Huff used the idea which he called “parquet deformation” as an exercise to develop visual thinking in his students. He was inspired by Escher’s woodcut Night and Day. In July 1983 Douglas Hofstadter, writing about these ideas in his Scientific American column [3], explained the basics of one-dimensional parquet deformation. He subsequently published his column articles in book form [4] and they form chapter 10 there. John Sharp produced many designs at this time as he describes below. The Hofstadter article also inspired Craig S. Kaplan who included it in his paper titled Metamorphosis in Escher’s Art at the 2008 Bridges Conference in Leeuwarden, Netherlands. Robert Bosch and Andrew Pike also presented a paper Map-Coloured Mosaics at the 2009 Bridges Conference in Banff, Canada which refers to Huff’s work through Hofstadter’s book.

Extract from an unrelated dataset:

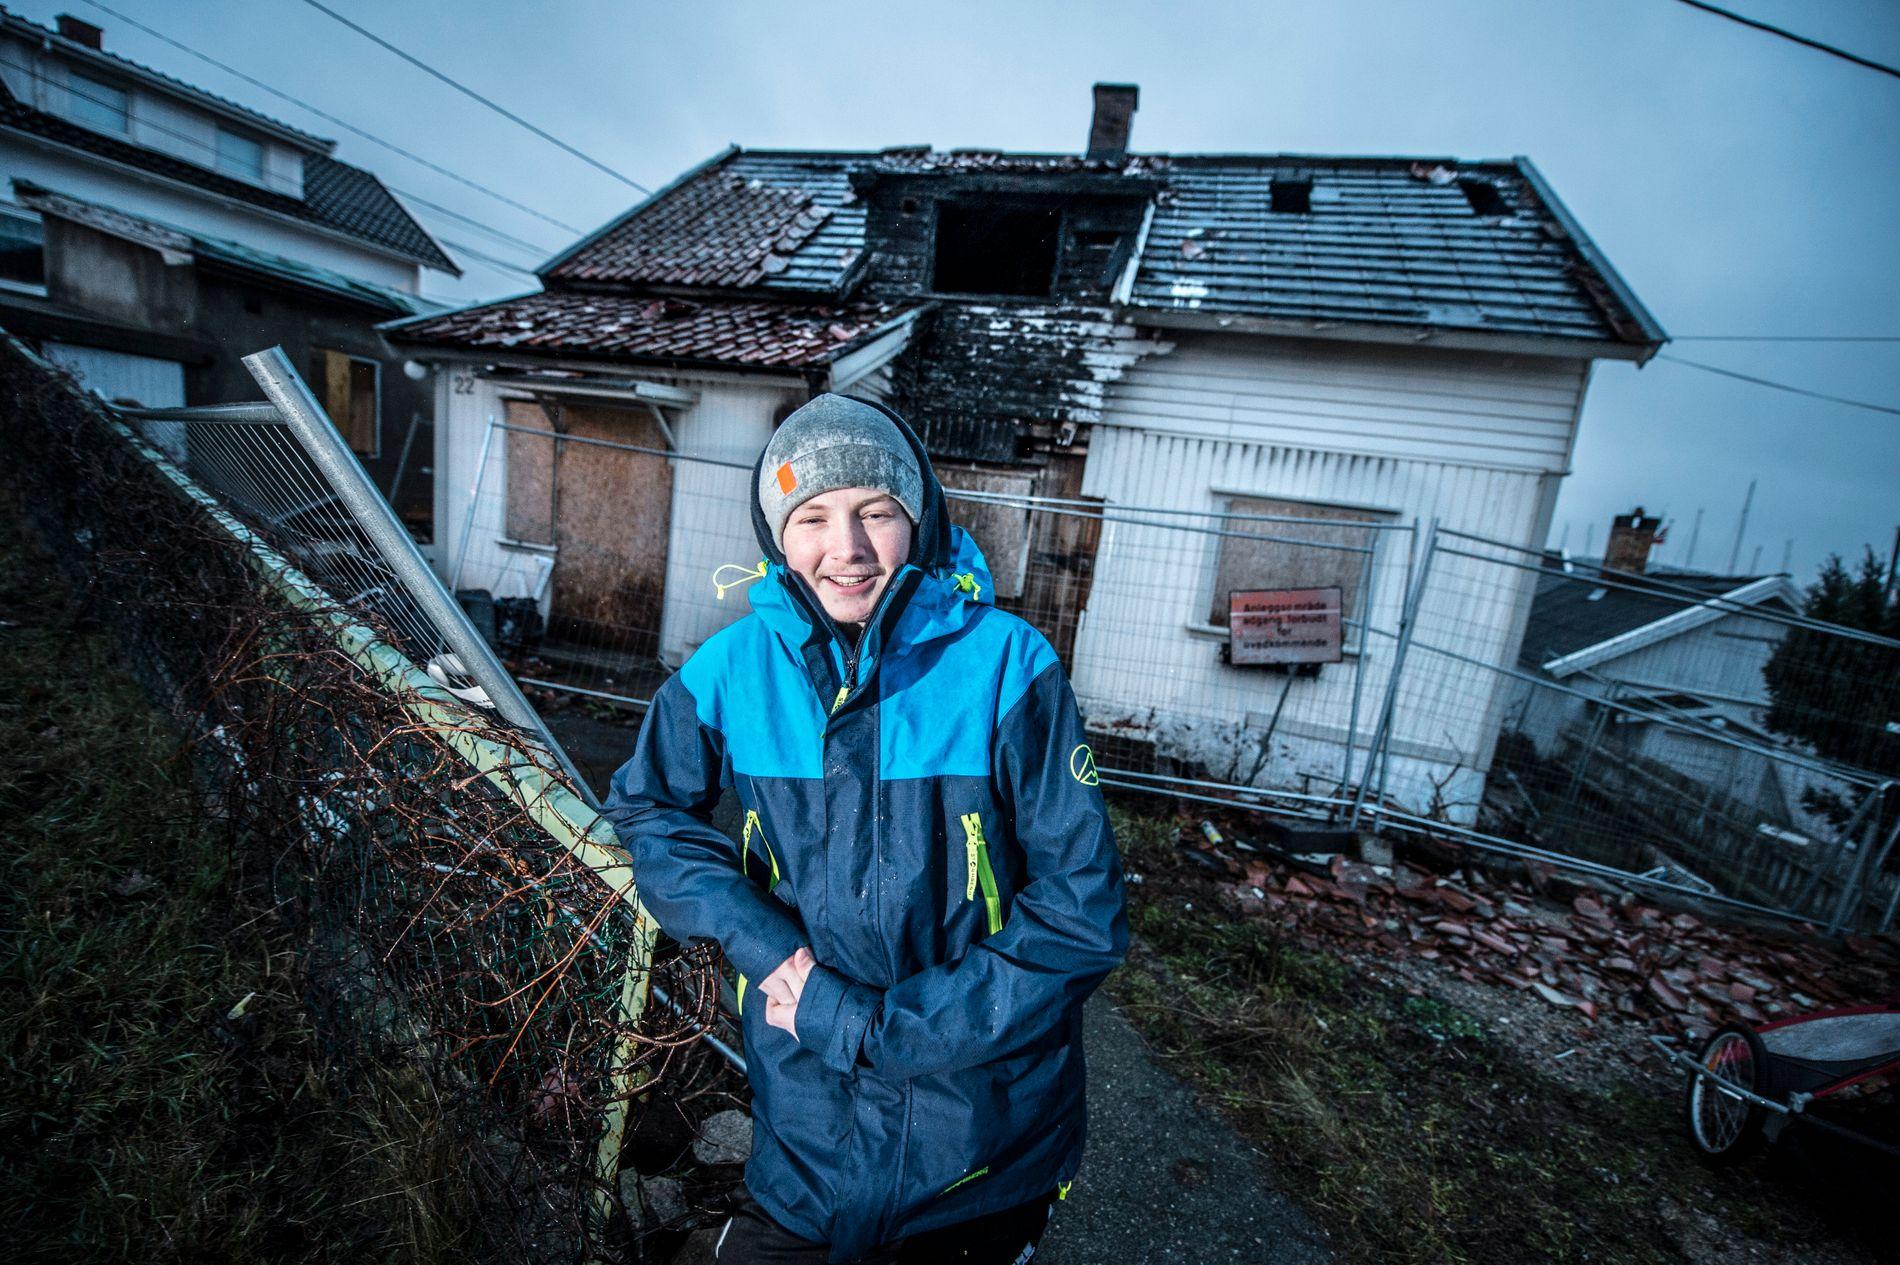 ÅRETS REDNINGSHELT: Jonas reddet to mennesker ut fra dette huset under en brann våren 2015. Nå får han prisen for årets redningshelt i Norske helter.

Huff begins with a single tile which then forms an underlying framework grid. (We will do this with the quilt design using a square as the basis of our starting grid.) He says that the lines and vertices of the design are manipulated relative to their positions within the cells of the grid. The typical ways they are changed, to quote from Douglas Hofstadter’s article/book [3,4], are:

• lengthening or shortening a line;
• rotating a line;
• introducing a “hinge” somewhere inside a line segment so that it can “flex”;
• introducing a “bump” or “pimple” or “tooth” (a small protrusion or extrusion having a simple shape) in the middle of a line or at a vertex;
• shifting, rotating, expanding, or contracting a group of lines that form a natural subunit; or variations on any of these.

Since some of the square copies may be at 90 degrees (or some other angle) with respect to the master cell, one locally innocent-looking change may induce changes at corresponding spots resulting in unexpected interactions whose visual consequences can be quite exciting. After a line is deformed and all the other lines so respond, the tiles in the new zone of figures remain congruent with one another. Huff feels that it is this congruence of tiles that makes them appealing both from the standpoint of design and mathematics.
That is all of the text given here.